> **WORK REQUEST**
Below is a listing to copy exactly; no image goes into the copy.

*** RECORDED INFORMATION Section Begins ***

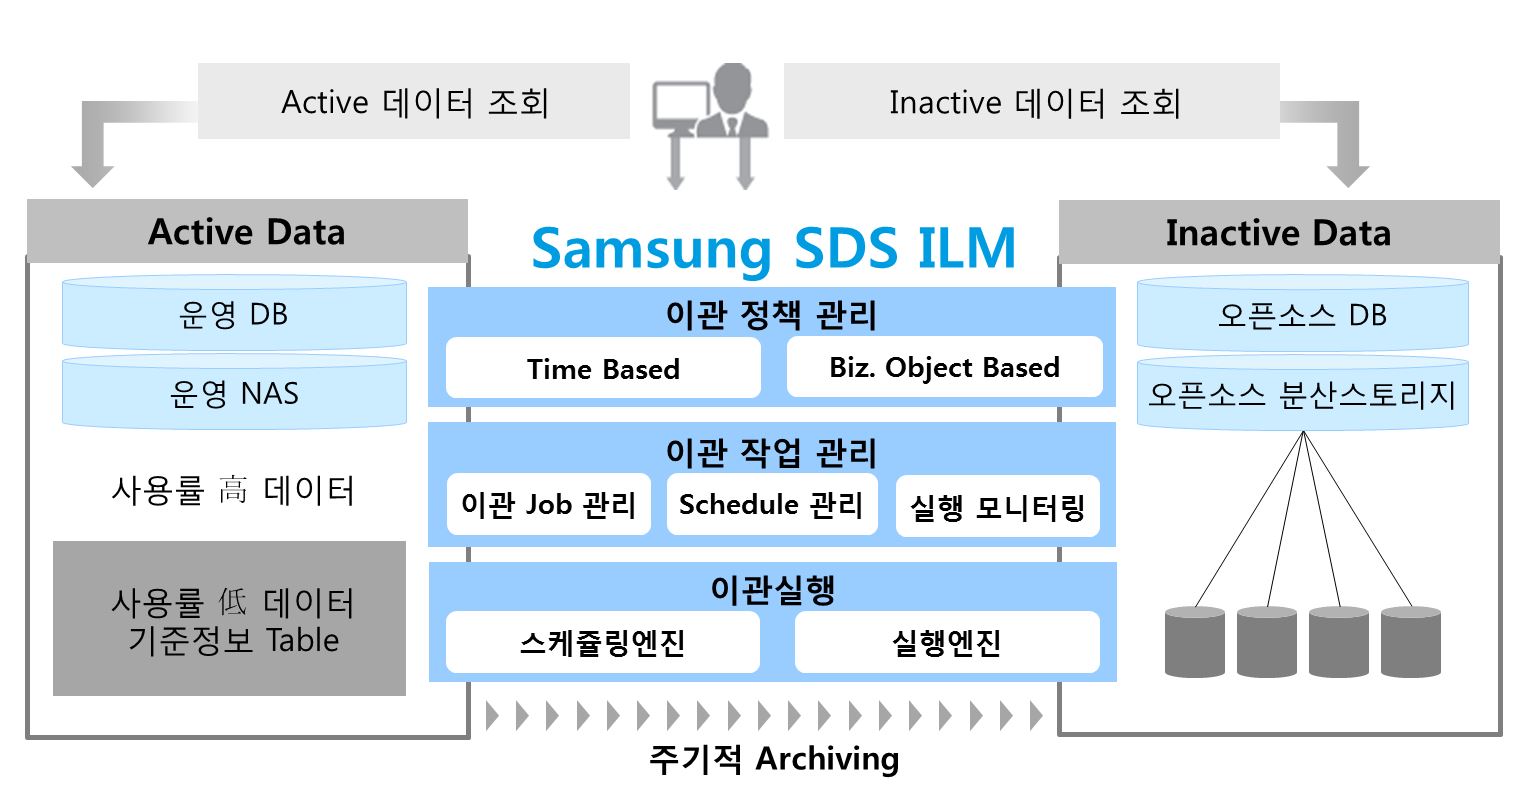 SDS가 보유한 '소프트웨어 방식'의 ILM 솔루션의 주요 기능을 설명하고 있습니다. SDS ILM은 데이터 관리 정책기반으로 아카이빙 Job/Schedule을 정의하고, 운영 데이터를 저비용 스토리지로 자동 이관해 주는 기능을 제공합니다.
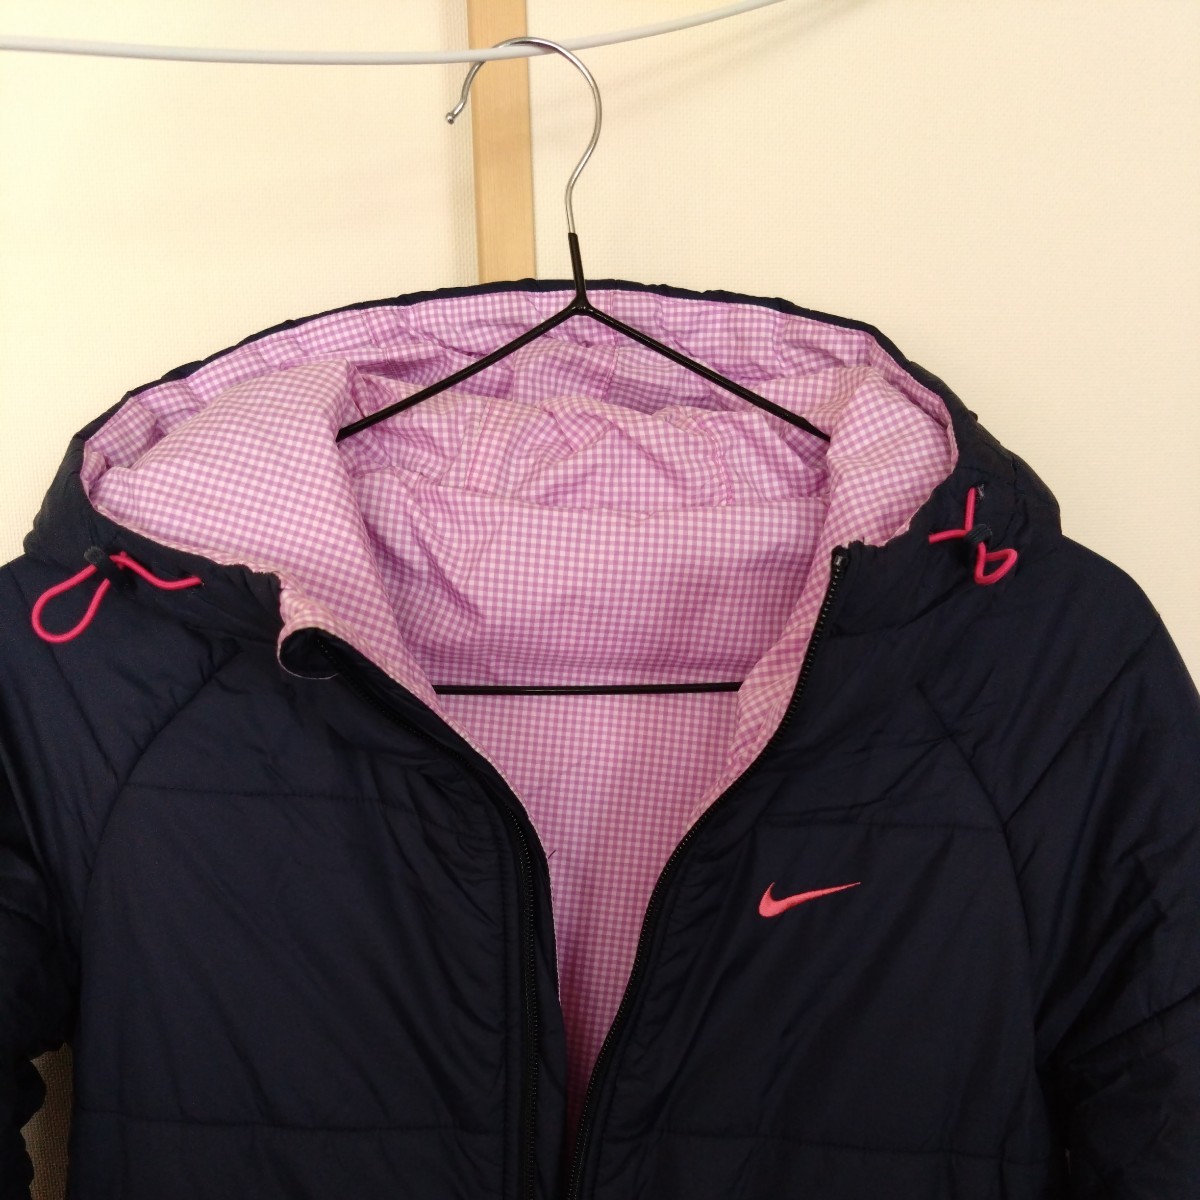  прекрасный товар Nike двусторонний bench пальто размер S 150~160 джемпер жакет спорт верхняя одежда женский Junior 
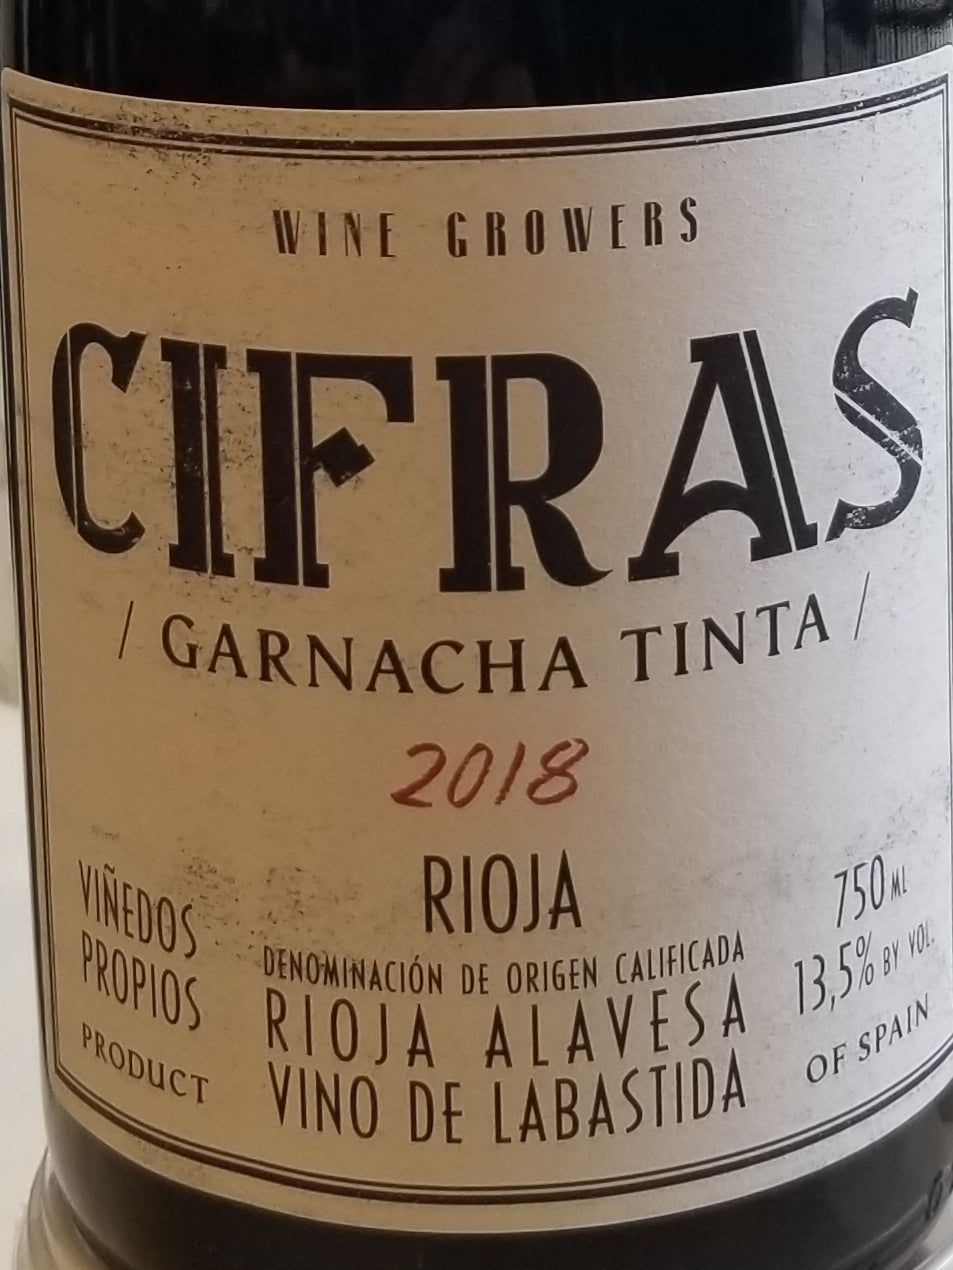 Cifras Garnacha Tinta - Rioja

*** RECORDED INFORMATION Section Ends ***

> **EXERCISE OUTPUT**
 SDS가 보유한 '소프트웨어 방식'의 ILM 솔루션의 주요 기능을 설명하고 있습니다. SDS ILM은 데이터 관리 정책기반으로 아카이빙 Job/Schedule을 정의하고, 운영 데이터를 저비용 스토리지로 자동 이관해 주는 기능을 제공합니다.
  прекрасный товар Nike двусторонний bench пальто размер S 150~160 джемпер жакет спорт верхняя одежда женский Junior 
 Cifras Garnacha Tinta - Rioja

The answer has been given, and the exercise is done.